Previous work suggested that percept durations for ambiguous figures increase with participants' age (Ukai et al. 2003). When we examined the relationship between the average percept duration and age or stereo threshold for all control participants, we found a significant correlation for percept duration with stereo threshold but not with age (figure 6a). For control participants who detected at least 75% of the catch events, both disparity threshold and age correlated significantly with percept durations (figure 6b). Thus, when stereo thresholds were high, switch rates slowed down. Stereo thresholds deteriorate with age, particularly for participants over 50 (Zaroff et al. 2003). This is confirmed in our data by a significant linear regression of log(stereo threshold) on age (p=0.002) with patient versus control as a grouping factor.
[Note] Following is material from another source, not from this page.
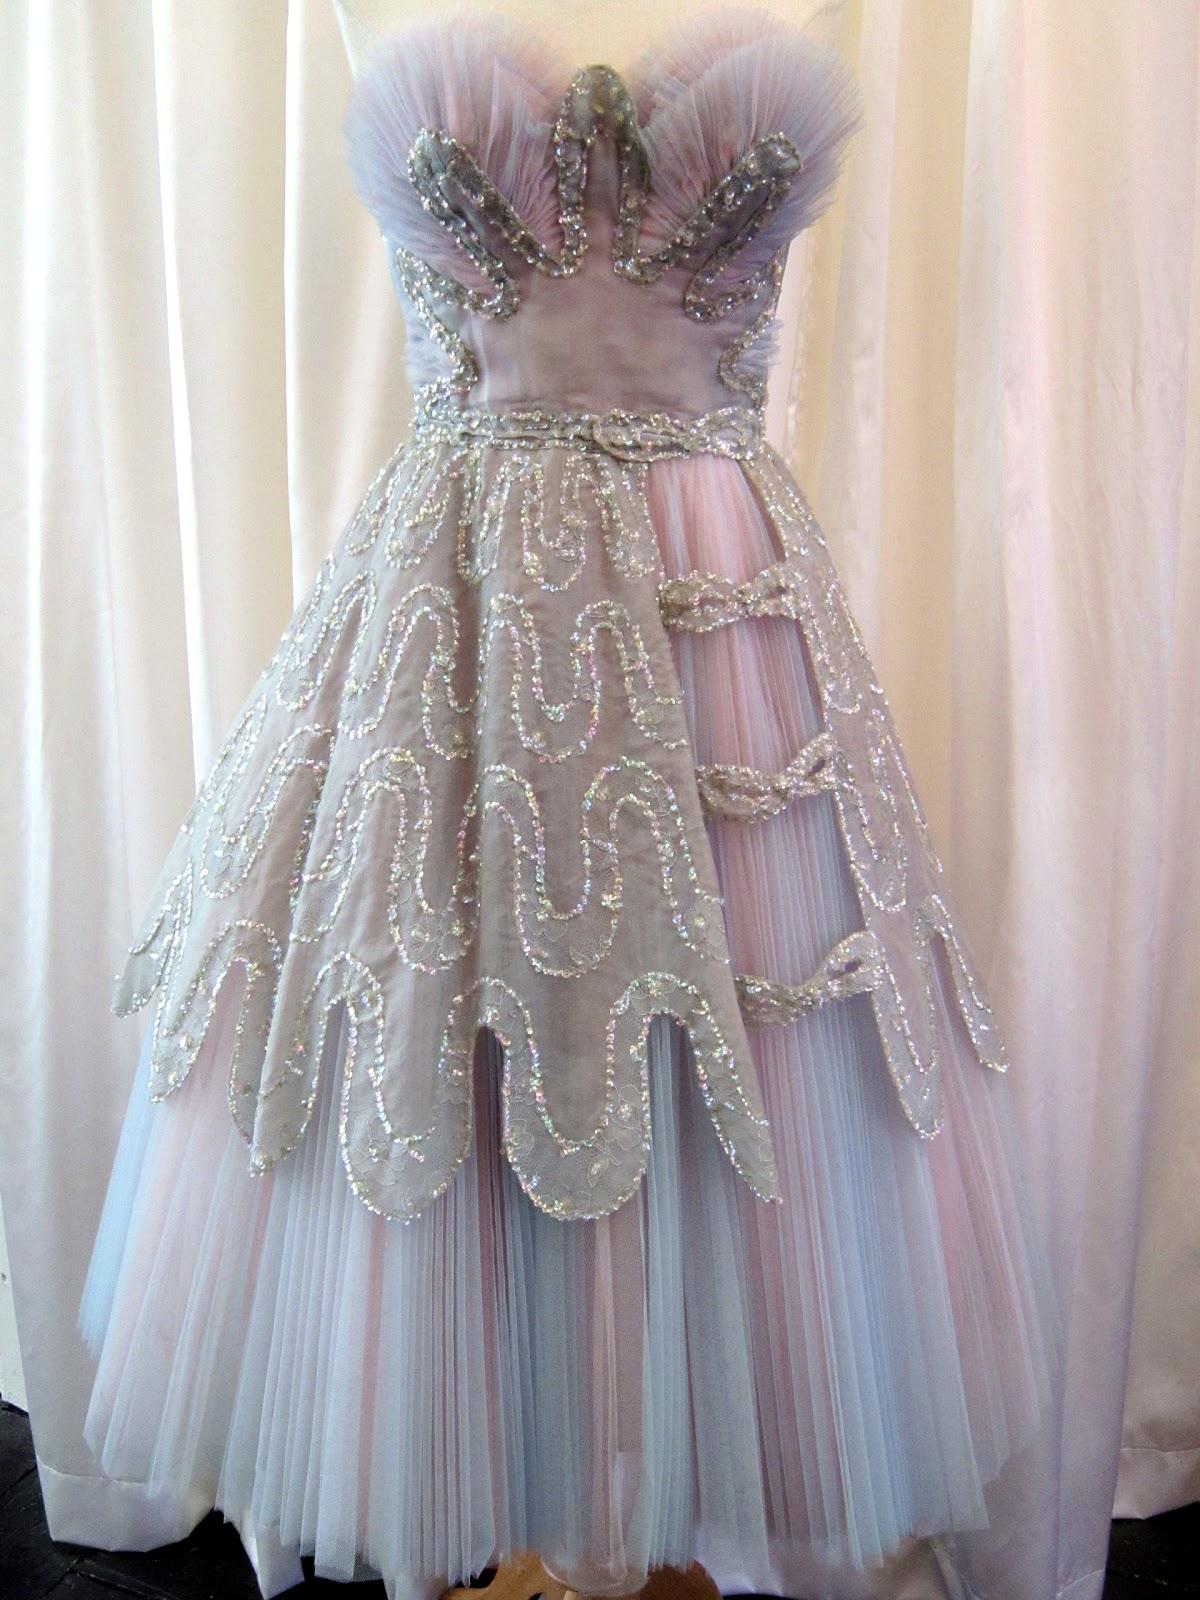 1950s Evening Dresses Wwwpicsbudcom

Our study only included a small number of participants over the age of 50. Therefore, we expect that the trend of slower switch rates with age might have become significant for the entire control group, if a larger number of older participants had been included.

Figure 6.

Figure 6

Linear regression of mean percept duration and participants' stereo threshold or age. (a) For all participants, the mean percept duration in the control group (asterisks) was significantly correlated with (i) disparity threshold: controls, r=0.64, p<0.01, n=20 (bipolars, p=0.61; all, p=0.36), but not with (ii) age: controls, p=0.15 (bipolars, p=0.30; all, p=0.92). There was no correlation in the patient group (open circles). (b) As in (a) for participants with catch events correct greater than or equal to 75%. The mean percept duration for control participants (asterisks) was correlated with (i) disparity threshold: controls, r=0.92, p<0.001, n=18 (bipolars, p=0.46; all, p=0.33), and (ii) age: controls, r=0.51, p<0.05, n=18 (bipolars, p=0.41; all, p=0.73). There was no significant correlation for the patients (open circles). Asterisks, control experimental data; solid line, control prediction; open circles, bipolar experimental data; dot-dashed line, bipolar prediction; dashed line, all data prediction.

All participants with a diagnosis of bipolar disorder were euthymic at the time of testing. This was confirmed through the Hamilton Depression Rating Scale, Young Mania Rating Scale and the Beck's Depression Inventory, but low-level symptoms might have contributed to any effect. However, when we compared individual test scores on these scales against the mean percept duration, no significant correlations were found. We also examined the sequence of responses made by the bipolar patients by analysing the temporal autocorrelation function and perceptual bias of the patients' responses in comparison with the control group: there were no significant differences (see the electronic supplementary material).

4. Discussion

Previous studies have reported large differences between bipolar and control participants in switch rates for rivalrous and other ambiguous figures (Hunt & Guildford 1933; Pettigrew & Miller 1998; Miller et al. 2003). Under conditions in which we carefully monitored attention and performance during the task, we found a small lengthening of perceptual durations in bipolar patients. However, switch rates for ambiguous SFM figures are unlikely to be useful as a trait marker or endophenotype for bipolar disorder. Our results also suggest that perceptual changes of ambiguous figures are not governed by a single, central switching mechanism; otherwise, the differences in the switch rate between the two groups for SFM would be very similar to those found for binocular rivalry.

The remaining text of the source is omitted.